Она с трудом сдержала улыбку, а он заметил движения ее губ и подумал, что она хотела сказать «да», но ей запретила это сделать врожденная стыдливость и скромность. Охватила его радость, и будто бы открылись в нем какие-то заслонки для слов и мыслей, которых он до тех пор никому не поверял:
— Ты не знаешь меня, Юстына. Никто в этой деревне меня по-настоящему не знает, даже мой отец, мать, братья. Я скрываю свои мысли, потому что не хочу, чтобы надо мной смеялись. С одним только человеком время от времени я говорю свободно, с Йонашем Вонтрухом, который, как и я, верит, что землей правит Сатана. А знаю я это из святых книг, которые мне в детстве читал отец. Он другой веры, чем моя мать, он ходит к Шульцу, а не в костел. Я не верю словам пастора Кнотхе и Мизереры. Сам потом читал святые книги, и много страниц из них знаю наизусть, но ни с кем, кроме Вонтруха, об этом не говорю, потому что не хочу, чтобы надо мной издевались. Есть, Юстына, старый Бог и новый Бог, так, как есть Старый и Новый завет. Я научу тебя вере в старого Бога, и вместе будем ему молиться. Ты должна знать, Юстына, что у Бога есть два любимых сына: Сатана и Иисус Христос. Они стоят по обе стороны его трона. Кого из них он больше любит, неизвестно. Но это правда, что землю он отдал Сатане, хоть потом прислал второго сына, Иисуса Христоса, чтобы он выкупил людей своей кровью и открыл перед ними дорогу в рай. Земля же по-прежнему во власти Сатаны, и люди могут выбирать между ним и Иисусом Христосом. В Царство небесное войдут только праведники. А знаешь ли ты, Юстына, что значит быть праведником? Надо карать прегрешения и зло, людскую мерзость и пакости, жить в чистоте и чувствовать отвращение к Сатане, который является среди нас под разными личинами…

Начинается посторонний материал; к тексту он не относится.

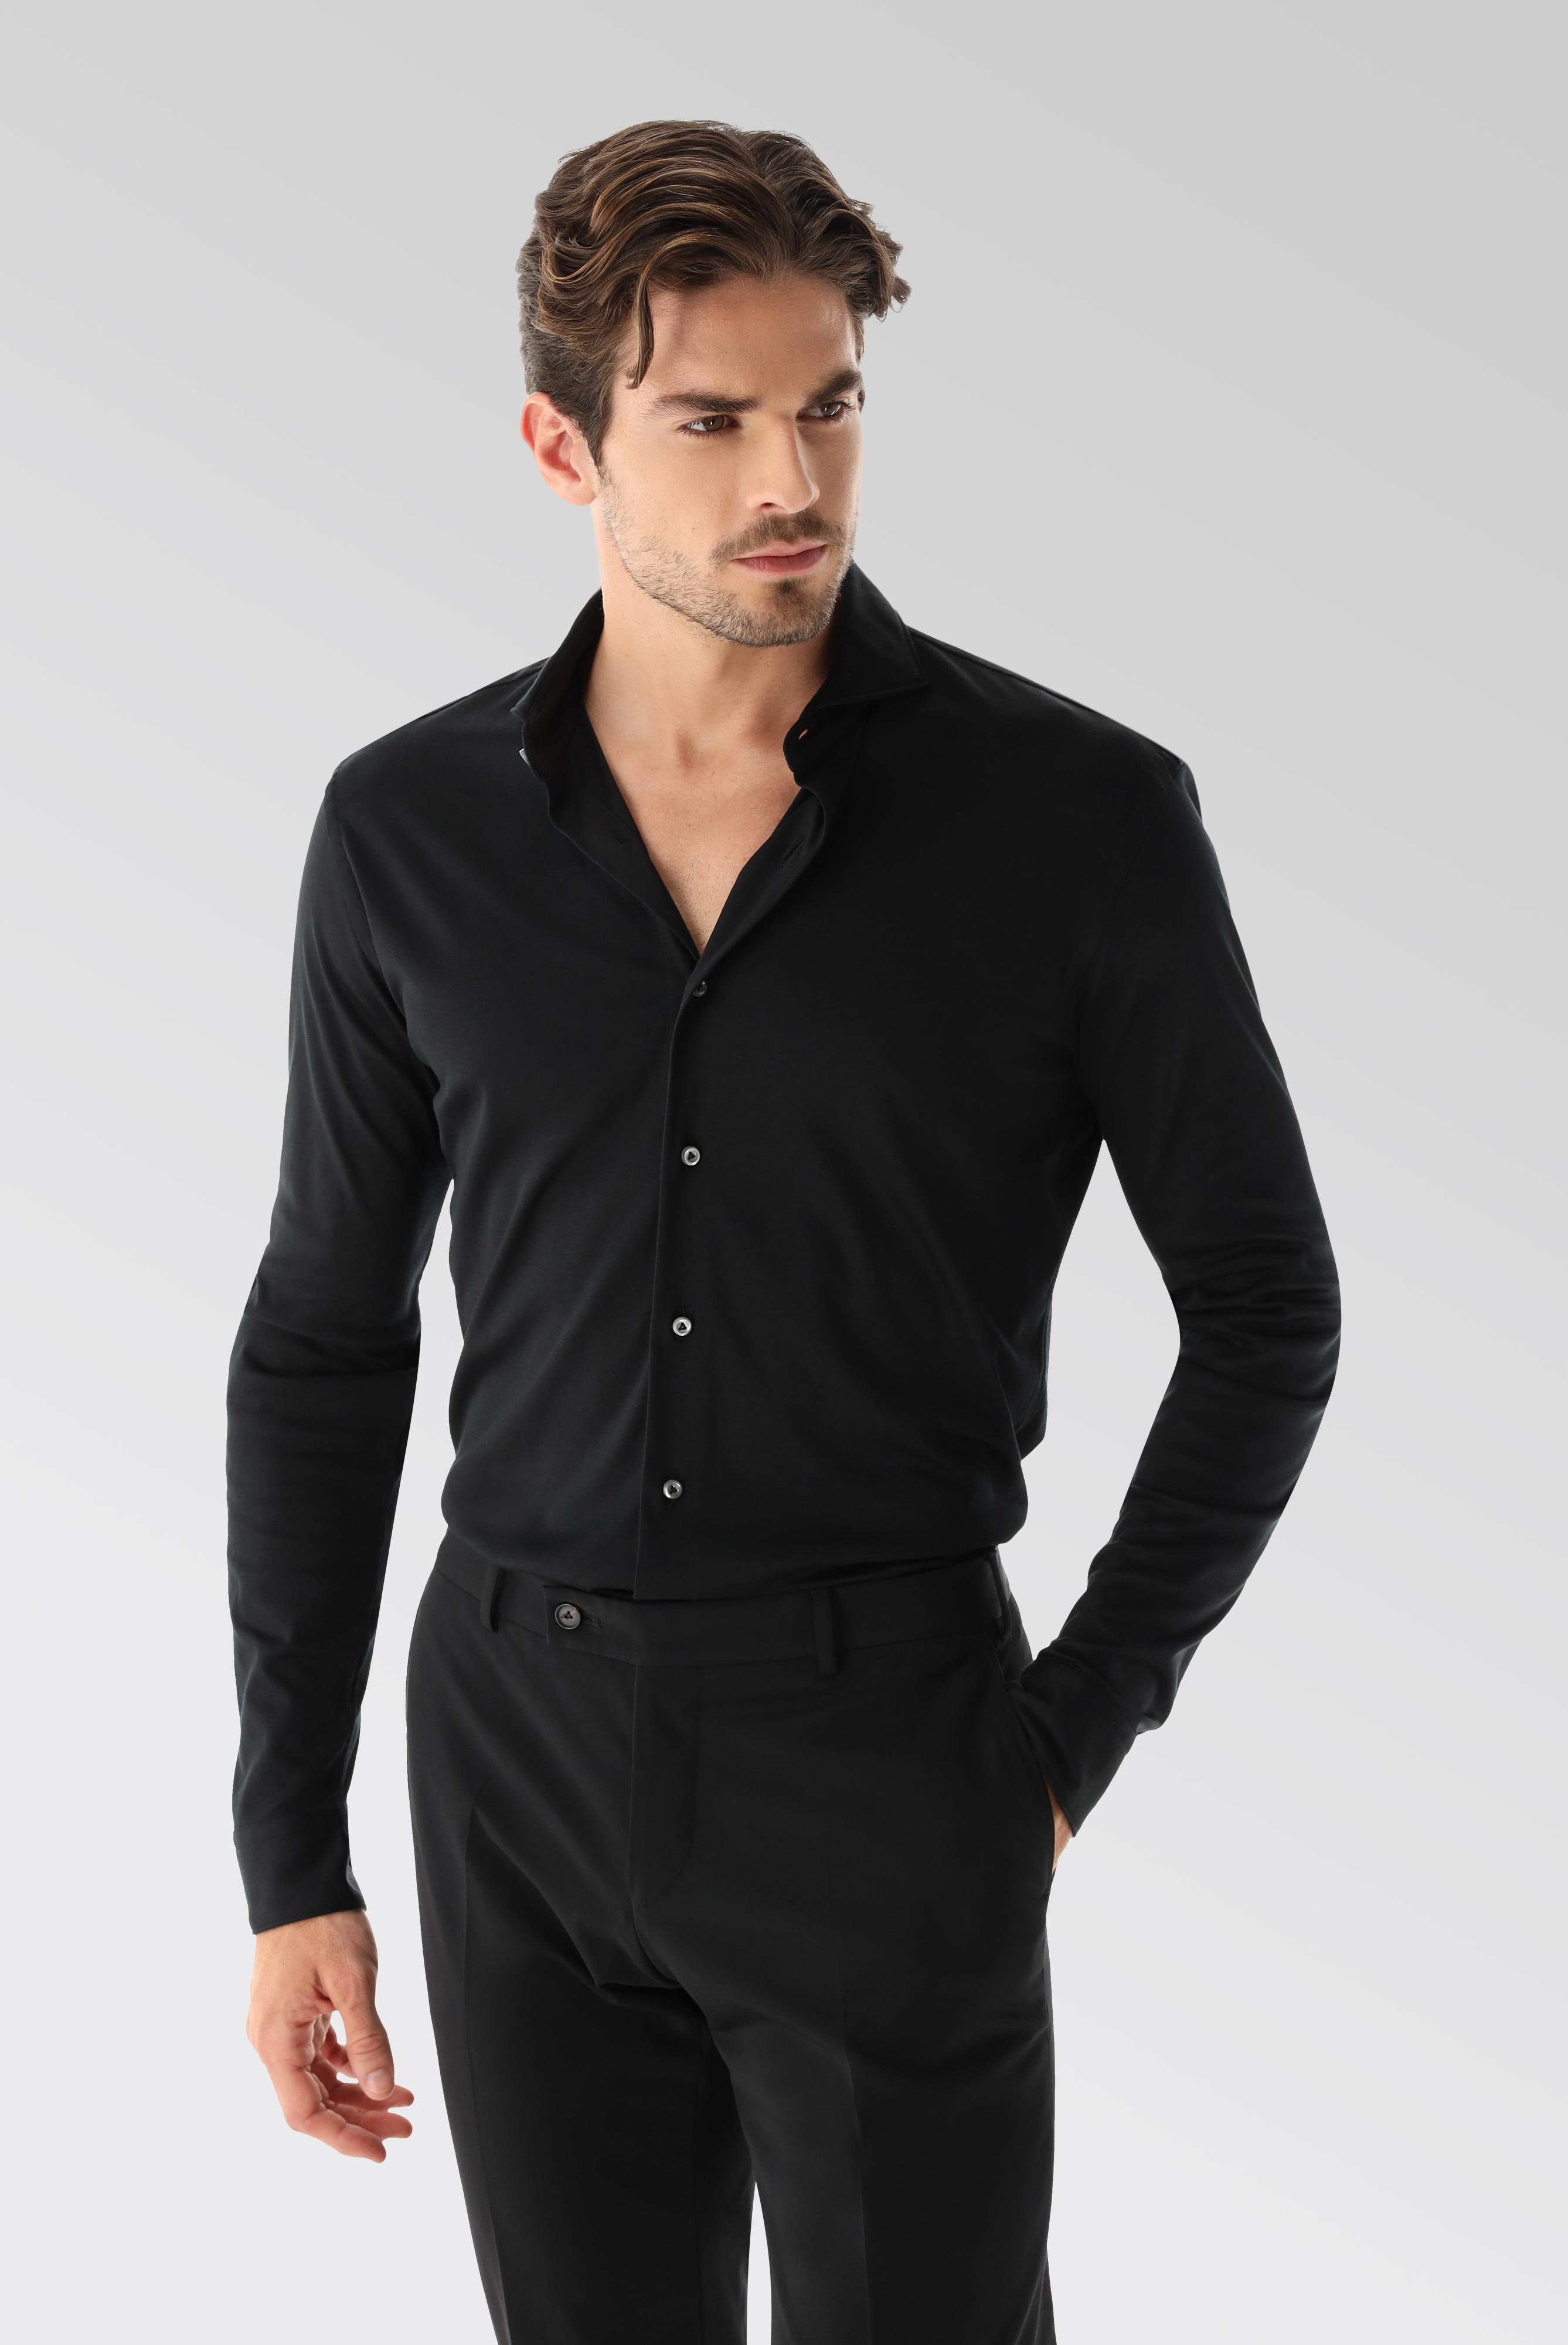 Bügelleichte Hemden+Jersey Hemd mit glänzender Optik Tailor Fit+20.1683.UC.180031.099.X4L

Он замолк, потому что ему показалось, что она его не слушает. Он поднялся со скамейки, подошел к Юстыне, поцеловал ей правую руку.
— Я приду к тебе через год, и ты скажешь мне «да» или «нет», — сказал он на прощание.
— Но прежде, однако, принеси мне Клобука, — сказала она, а он кивнул головой и, выходя, подумал, что придет такое время, когда она станет его женой, и тогда он убедит ее в том, что он — человек праведный. Придет, может быть, и такая минута, когда Ионаш Вонтрух поверит, что от присутствия Сатаны можно избавиться не милосердием, а справедливостью.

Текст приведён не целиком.